I've got some Pig Powder you can have Griff.


----------



## Griff (Sep 18, 2006)

Finney

Thanks for the offer but I threw out the Fatz Pig powder for a reason. I nearly quit this board after the Pig powder got some good reviews and then I ordered some. It took months to get here and was crap.

Griff


----------



## Finney (Sep 18, 2006)

Griff said:
			
		

> Finney
> 
> Thanks for the offer but I threw out the Fatz Pig powder for a reason. I nearly quit this board after the Pig powder got some good reviews and then I ordered some. It took months to get here and was crap.
> 
> Griff


Powdered KC Masterpiece?


----------



## LarryWolfe (Sep 19, 2006)

Talked to Puff last night about the rubs.  He said both were very good, but the Bold Wolfe Rub was a little too spicy for him on the pork ribs.  But I sort of expected that on pork in the first place, but I'm glad he gave it a try on pork.  He loved it on the chuck roast he did with the Bold, so I told him to give it a try on some beef ribs next time.  Even though I really really liked the Wolfe Rub Bold on the chicken wings I did, I tried to design the flavor profile for beef.  The Wolfe Rub Original is best on pork and chicken, but pretty versatile to use on many other things!  Finney and Cappy enjoy it on their morning toast, like cinnamon sugar!  :damnfunny


----------



## Finney (Sep 19, 2006)

Puff told me mine (#2) was too spicy also.  Puff is a weenie.  It was made for ribs and should be used with a sweet sauce like SBR's mixed with honey (which is what puff used).  Again... Puff is a weenie.

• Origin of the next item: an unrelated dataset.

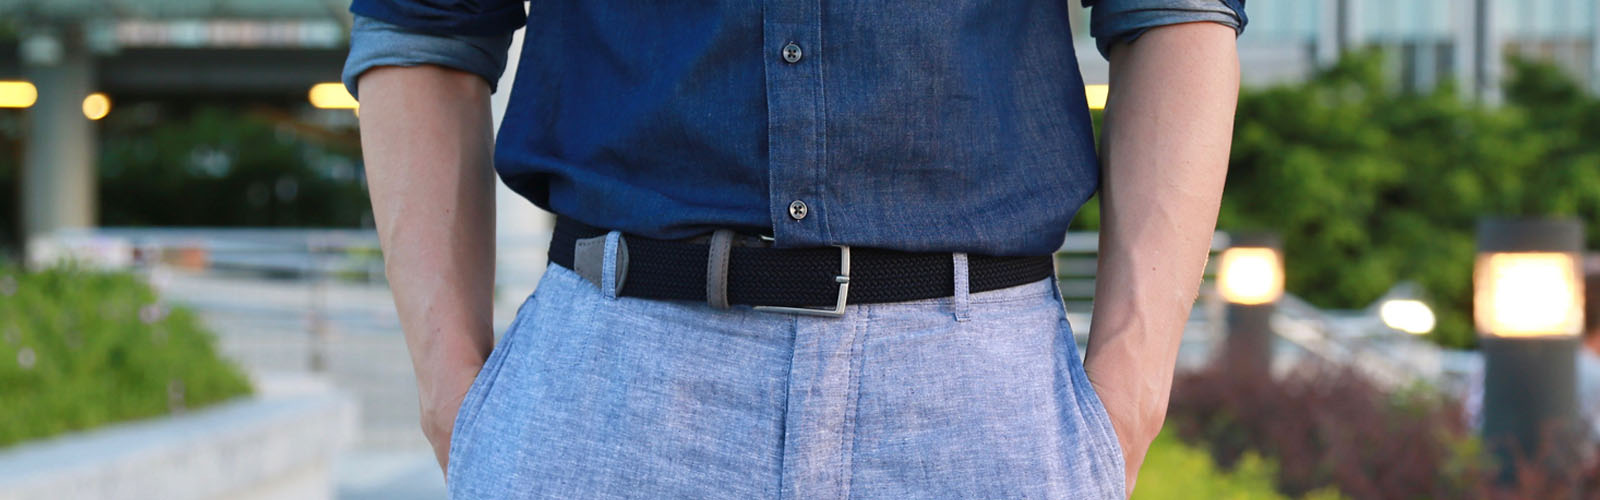 Vegan belts and suspenders

If Rub #2 was too spicy for him then #1 is going to hurt him.  I told him to make sure he used #1 on a large cut of meat.  Either a butt, chuck roast, or some heatry cut of meat.


----------



## LarryWolfe (Sep 19, 2006)

Finney he doesn't listen to either of us.  As much as I like Lil' Puffy, he needs to stick with Mrs. Dash.


----------



## wittdog (Sep 19, 2006)

Puff it all looks great....


----------



## Nick Prochilo (Sep 19, 2006)

Larry Wolfe said:
			
		

> Finney he doesn't listen to either of us.  As much as I like Lil' Puffy, he needs to stick with Mrs. Dash.



Problem is, he hangs with Mr. Dash!


----------